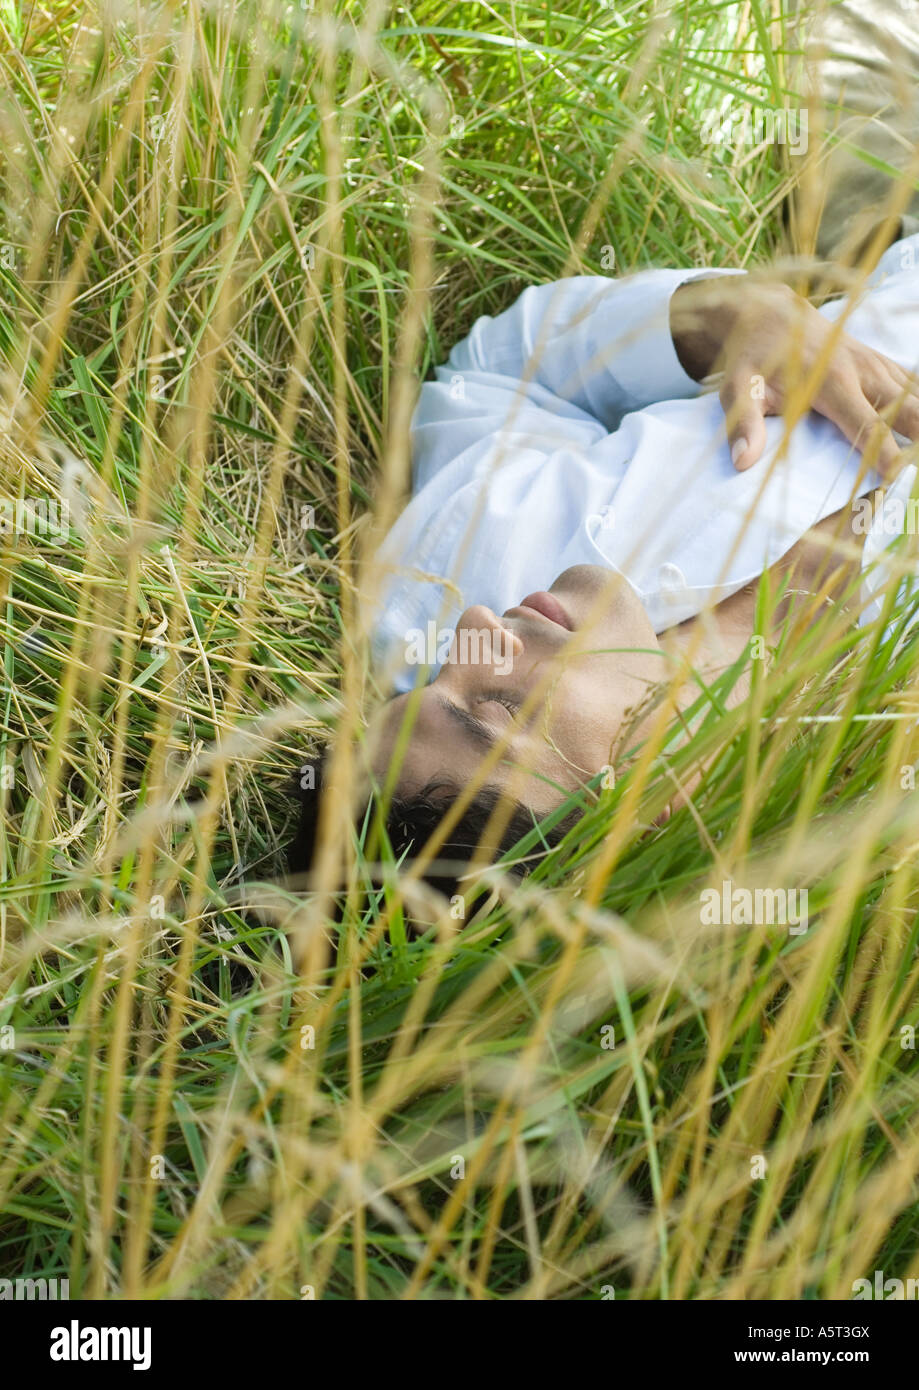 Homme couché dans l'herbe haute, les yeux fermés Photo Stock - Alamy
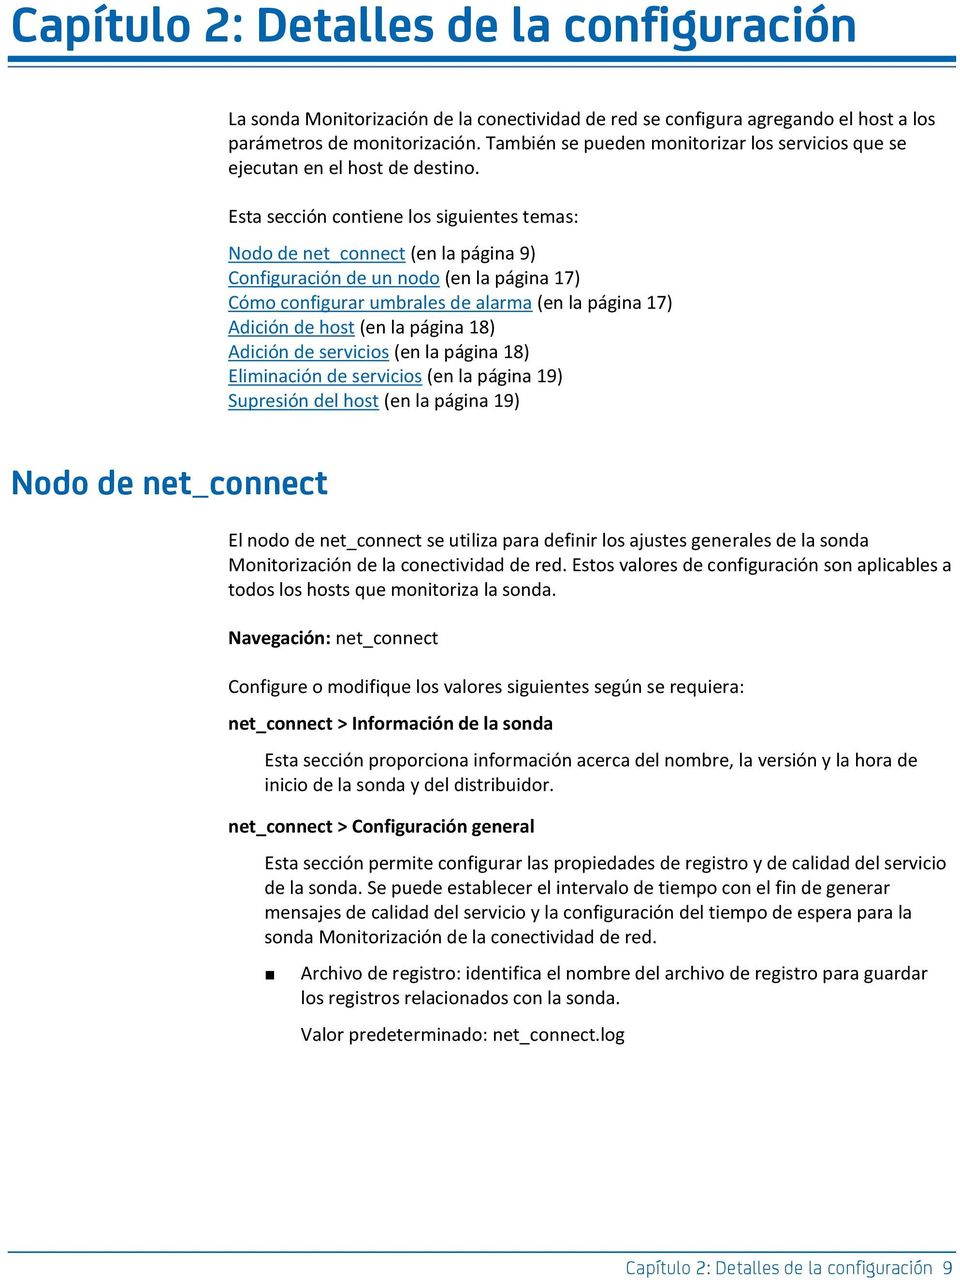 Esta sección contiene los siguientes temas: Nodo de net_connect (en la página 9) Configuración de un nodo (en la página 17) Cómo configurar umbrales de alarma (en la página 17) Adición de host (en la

────────

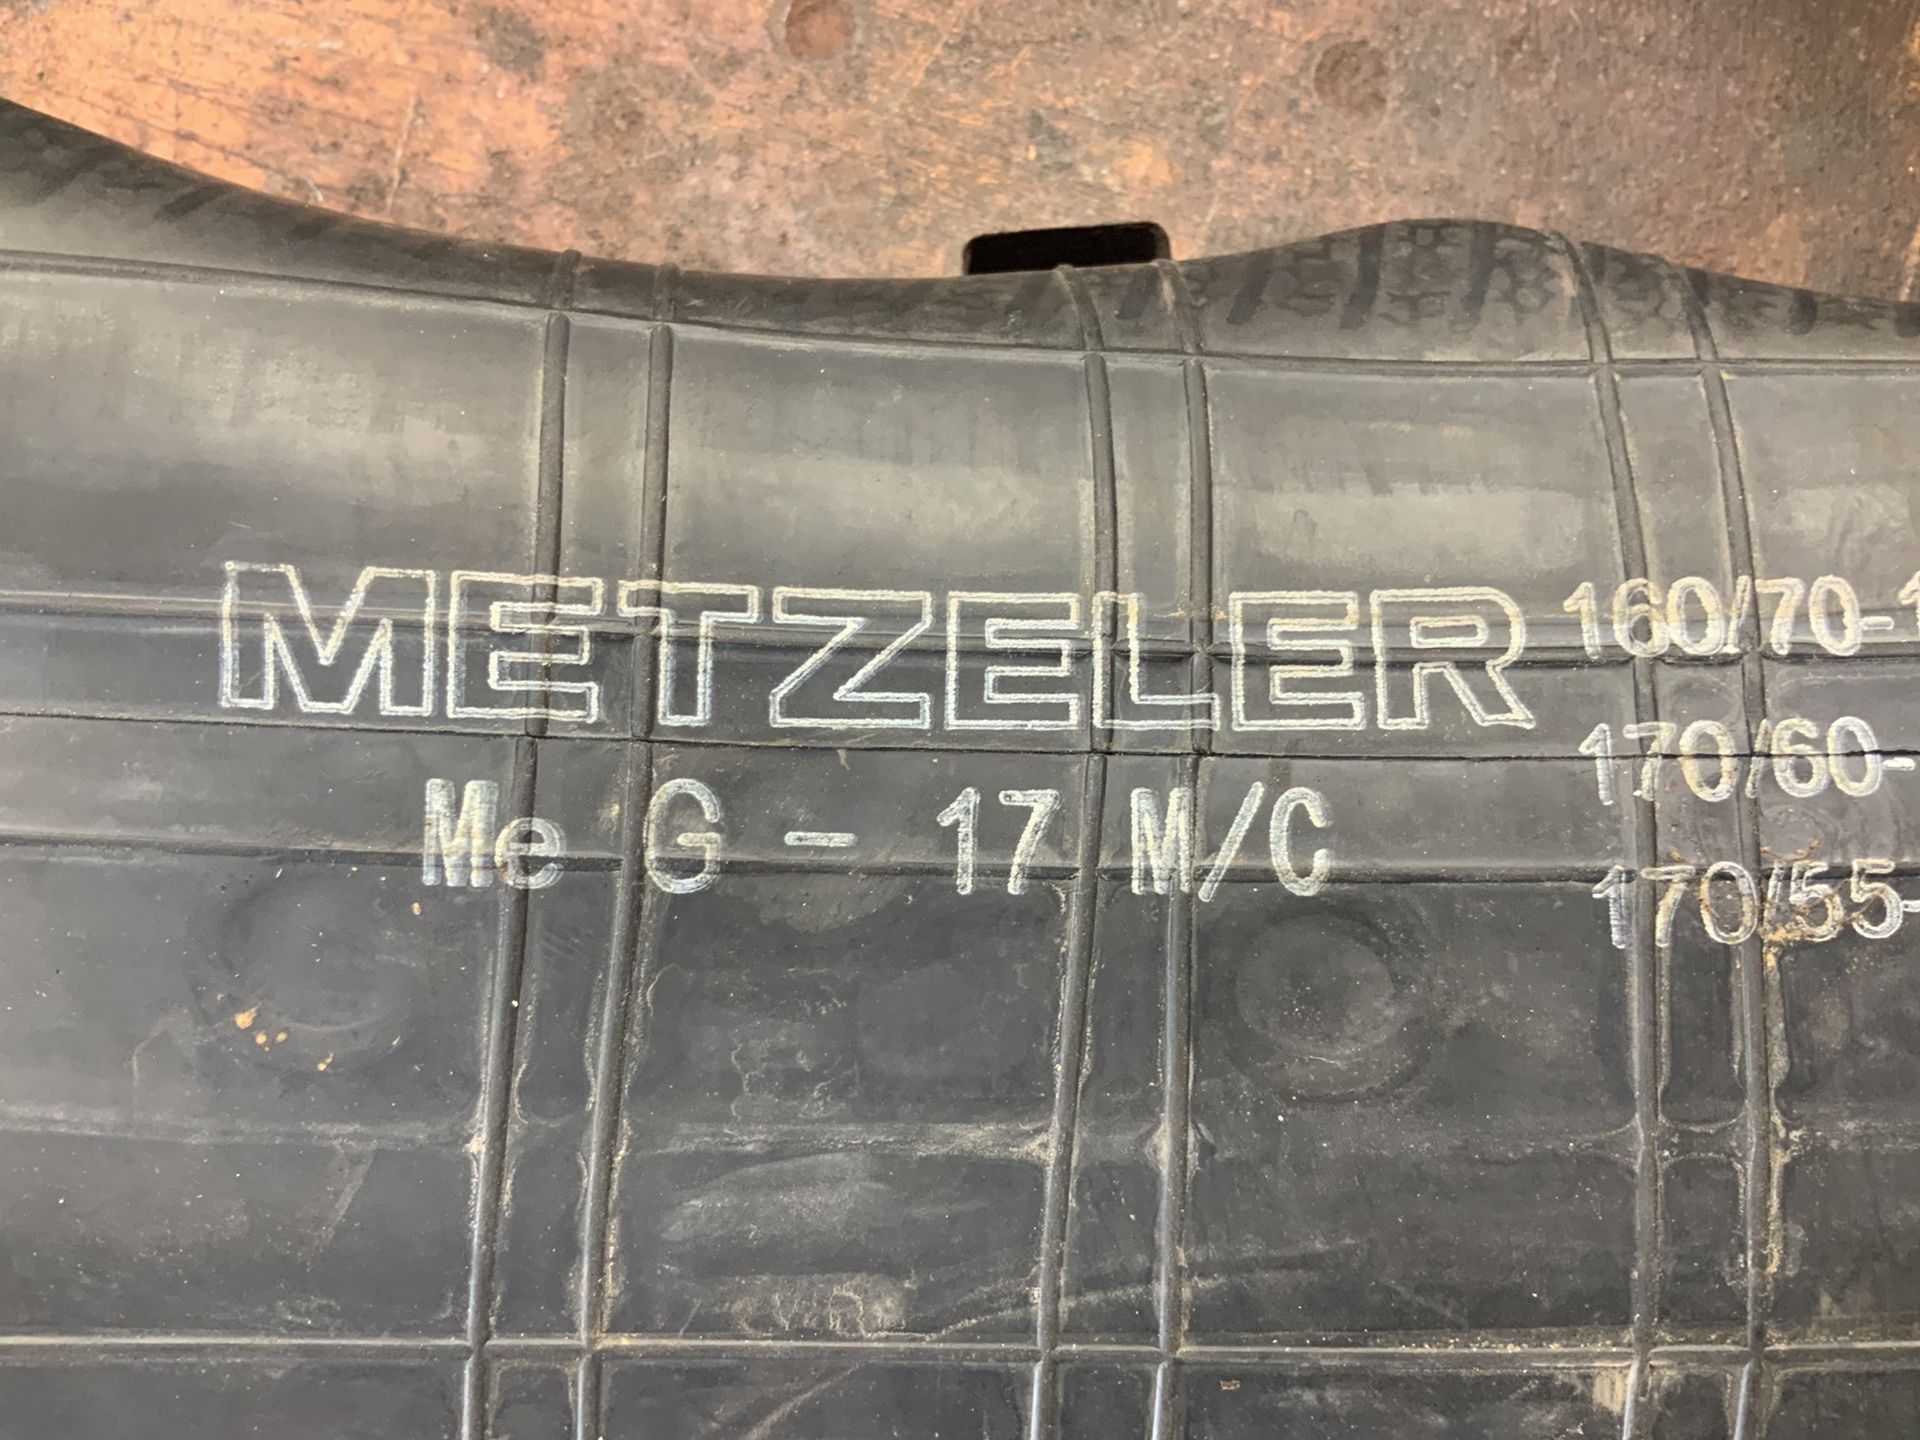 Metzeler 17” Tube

────────

Task directions:
Give again, exactly as written above, every line from the one holding "Homme couché dans" to the one holding "Esta sección contiene", with both ends kept and the pictures left out.

Answer space:
 Homme couché dans l'herbe haute, les yeux fermés Photo Stock - Alamy
 Esta sección contiene los siguientes temas: Nodo de net_connect (en la página 9) Configuración de un nodo (en la página 17) Cómo configurar umbrales de alarma (en la página 17) Adición de host (en la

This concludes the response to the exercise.